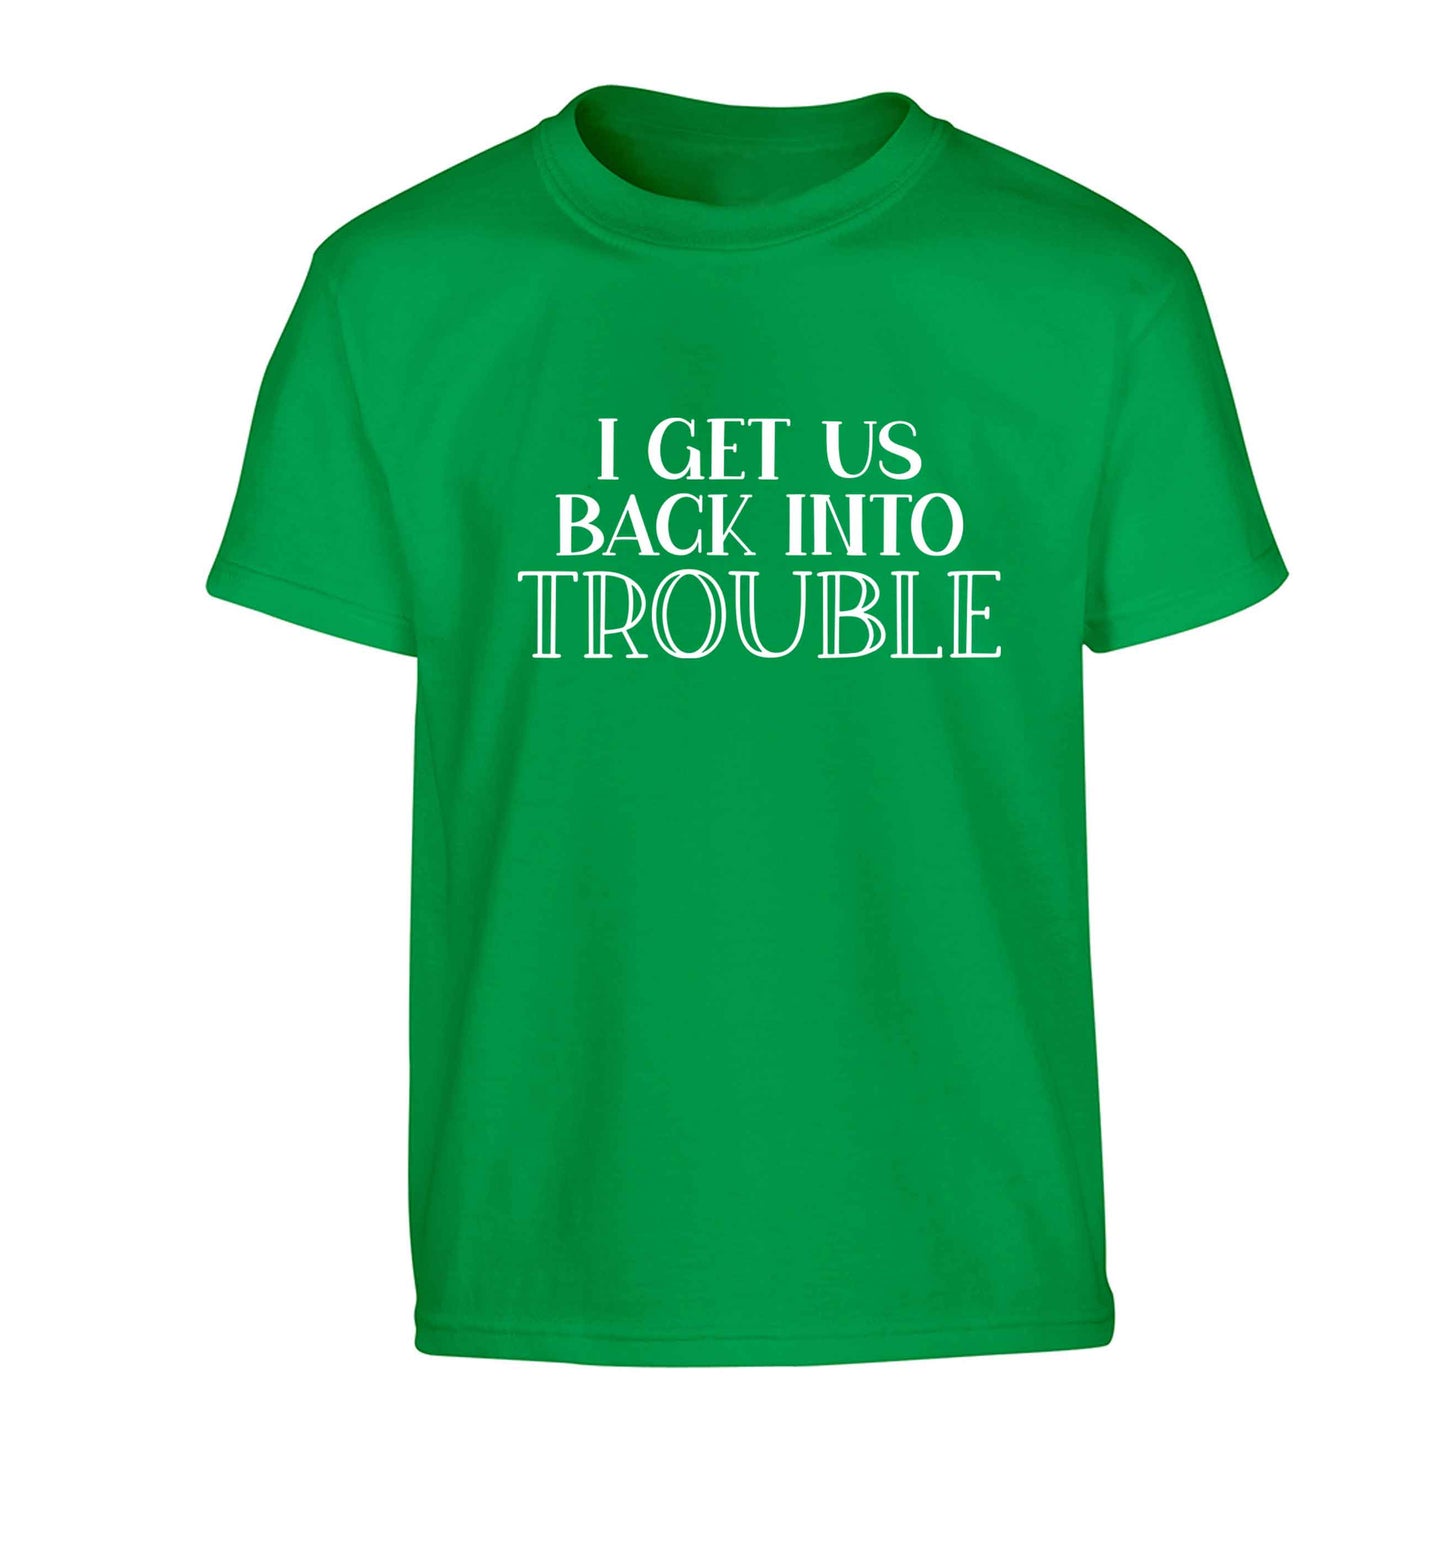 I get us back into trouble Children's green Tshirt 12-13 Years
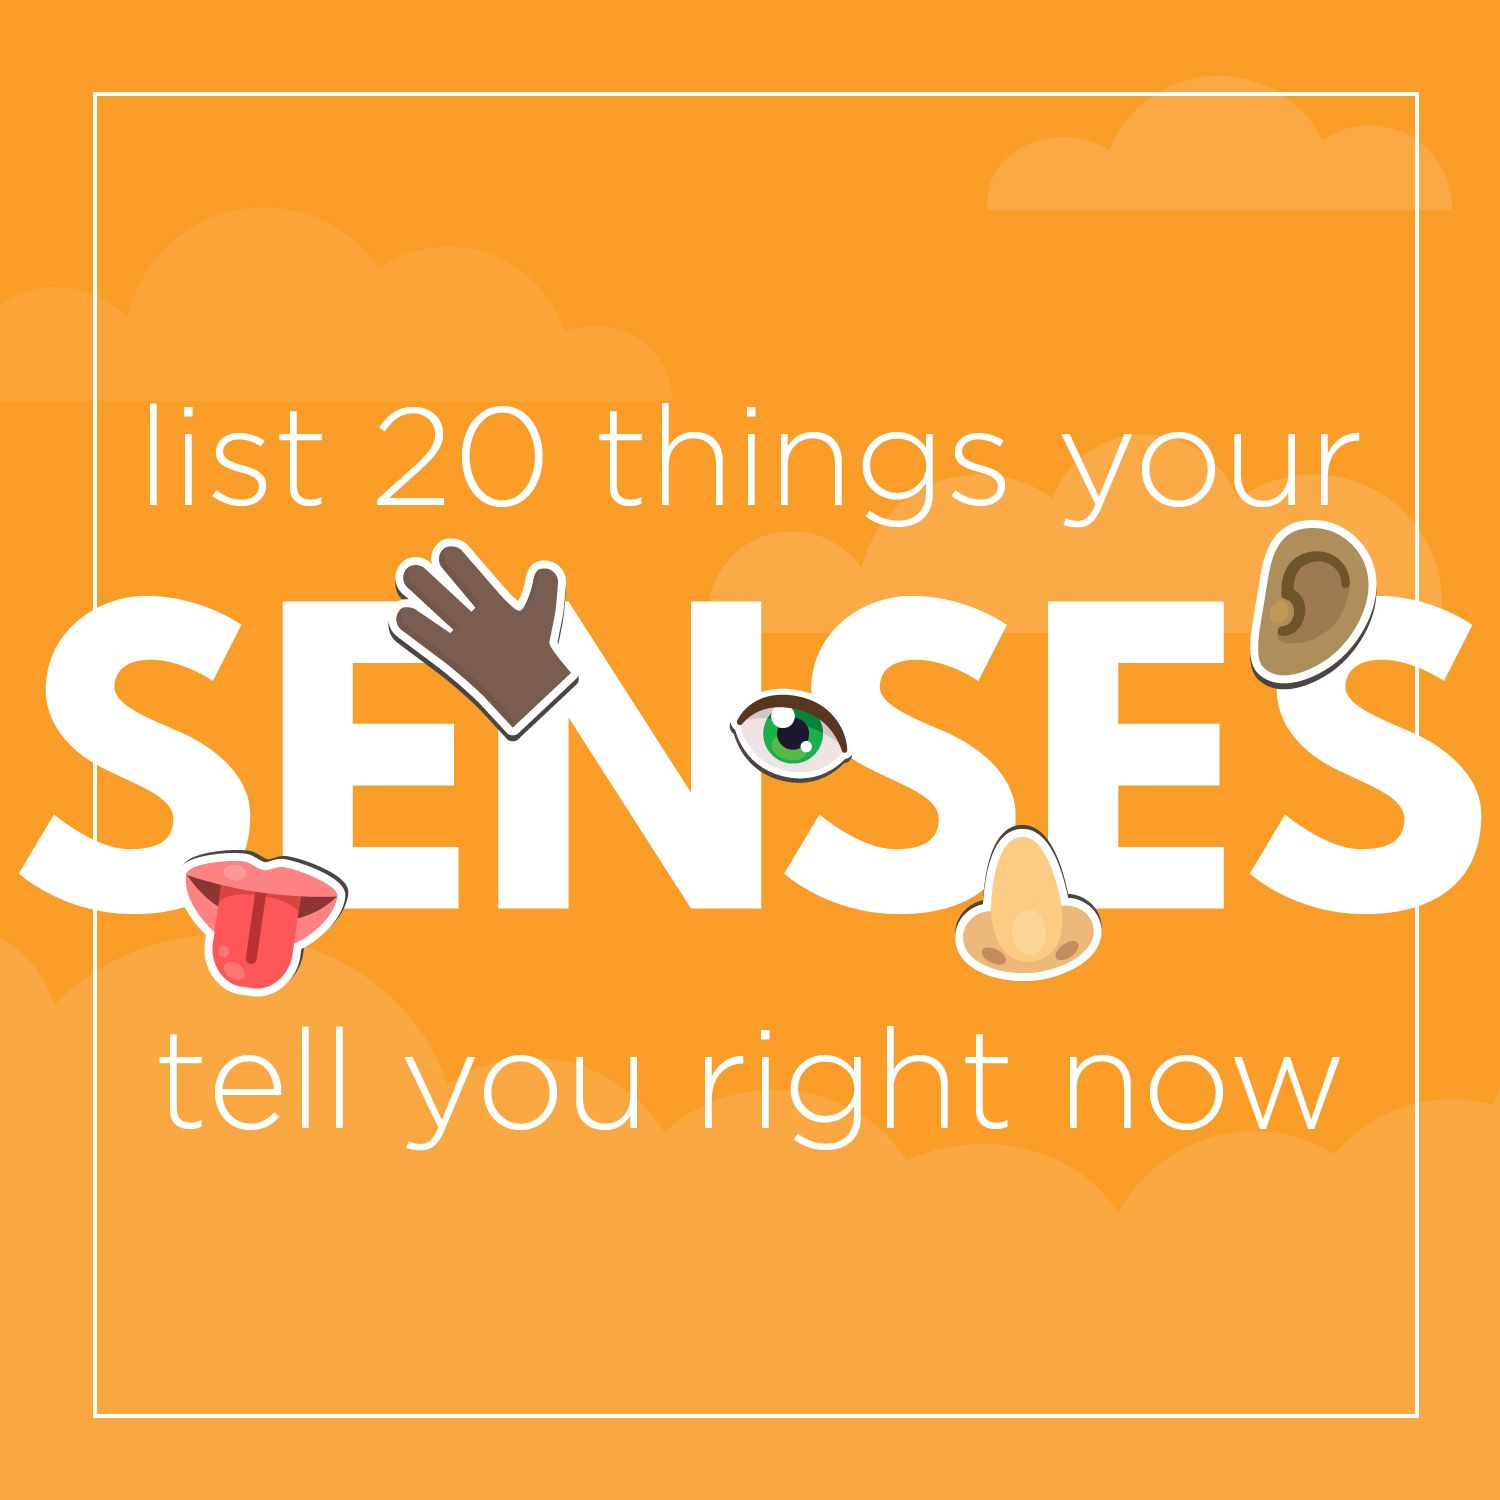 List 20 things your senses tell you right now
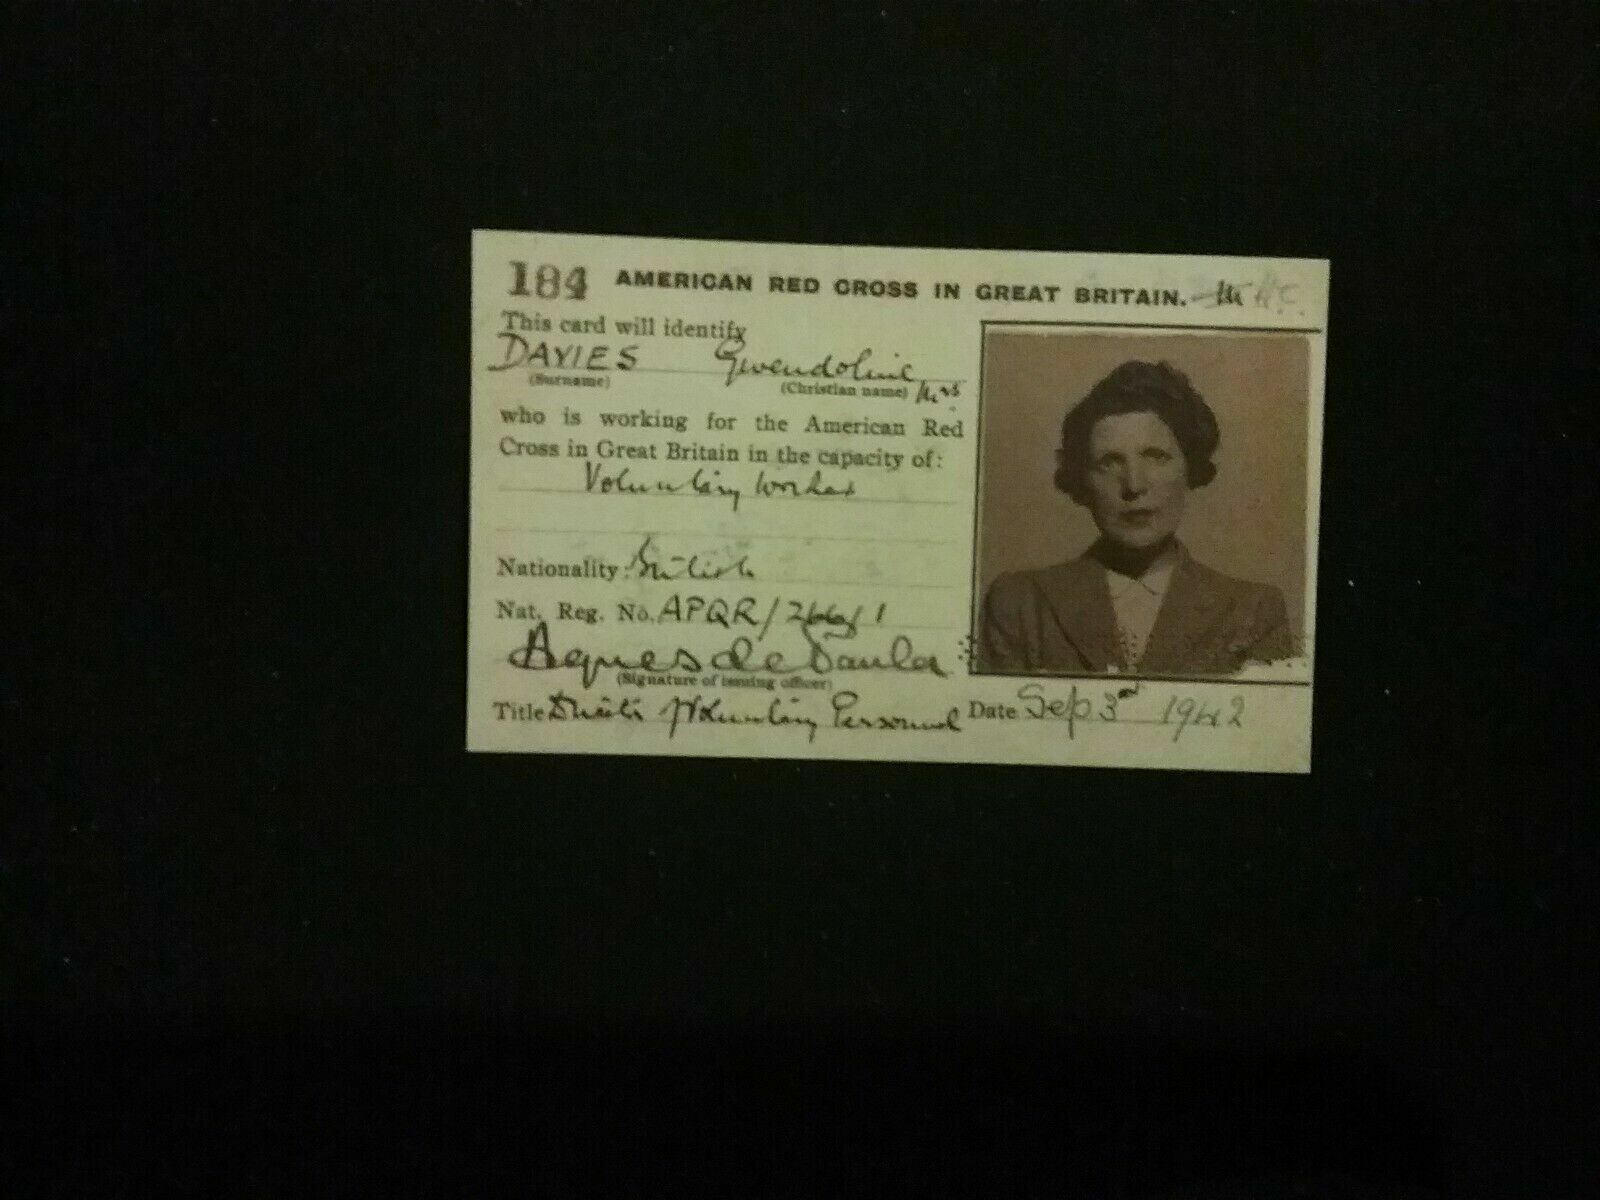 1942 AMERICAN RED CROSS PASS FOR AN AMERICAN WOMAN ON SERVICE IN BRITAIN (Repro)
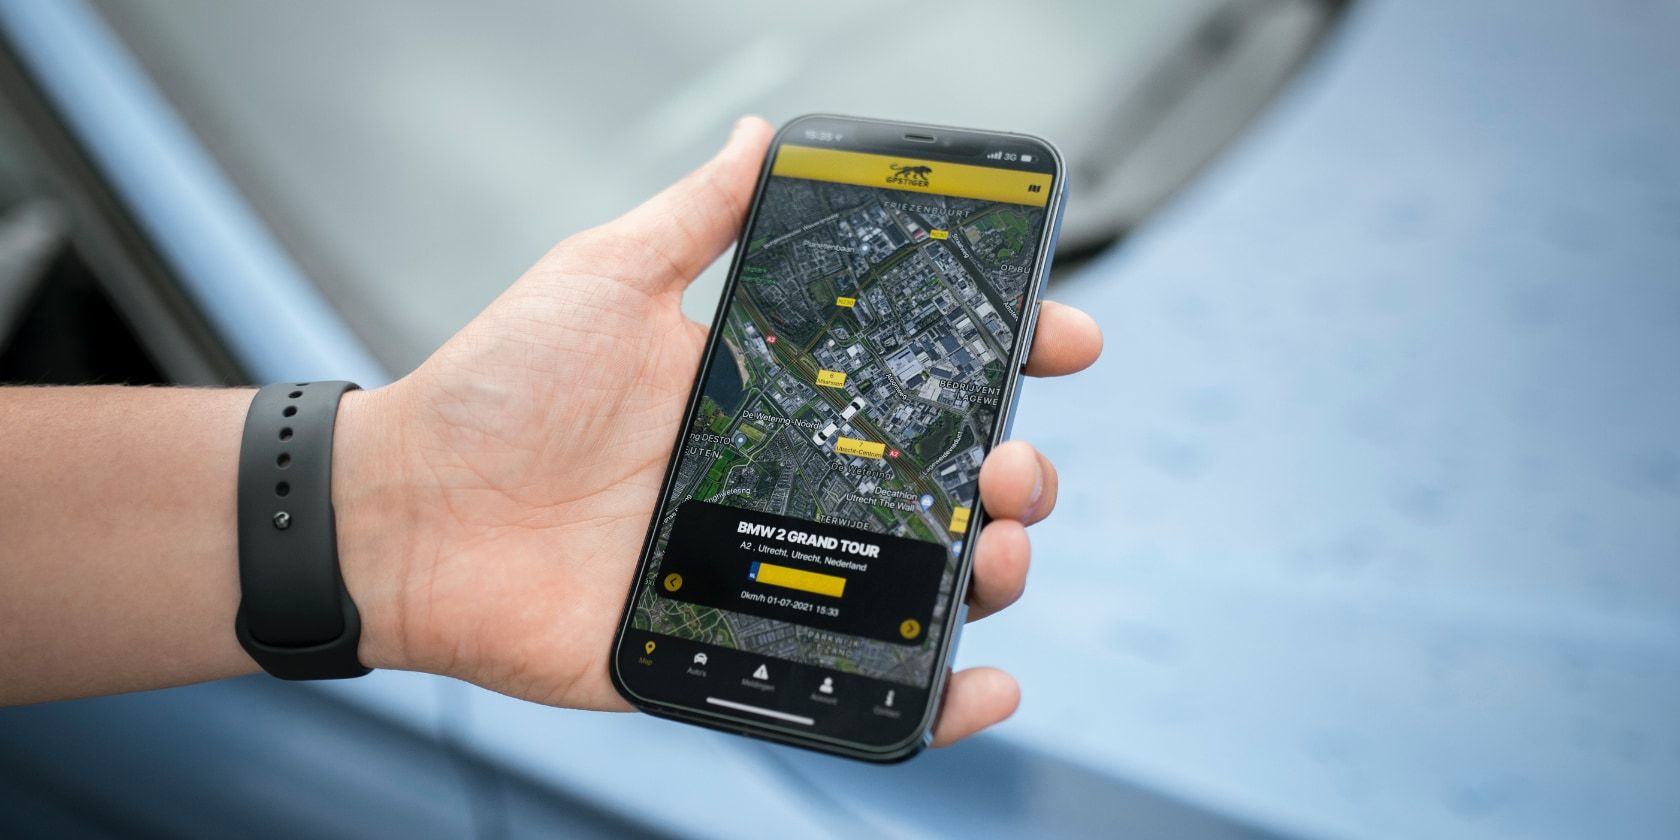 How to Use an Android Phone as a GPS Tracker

PROMPT: After locating the line that holds "List 20 things", output exactly the lines from it through the last line of the material above, inclusive, without pictures.

REPLY:
 List 20 things your senses tell you right now
 1942 AMERICAN RED CROSS PASS FOR AN AMERICAN WOMAN ON SERVICE IN BRITAIN (Repro)
 How to Use an Android Phone as a GPS Tracker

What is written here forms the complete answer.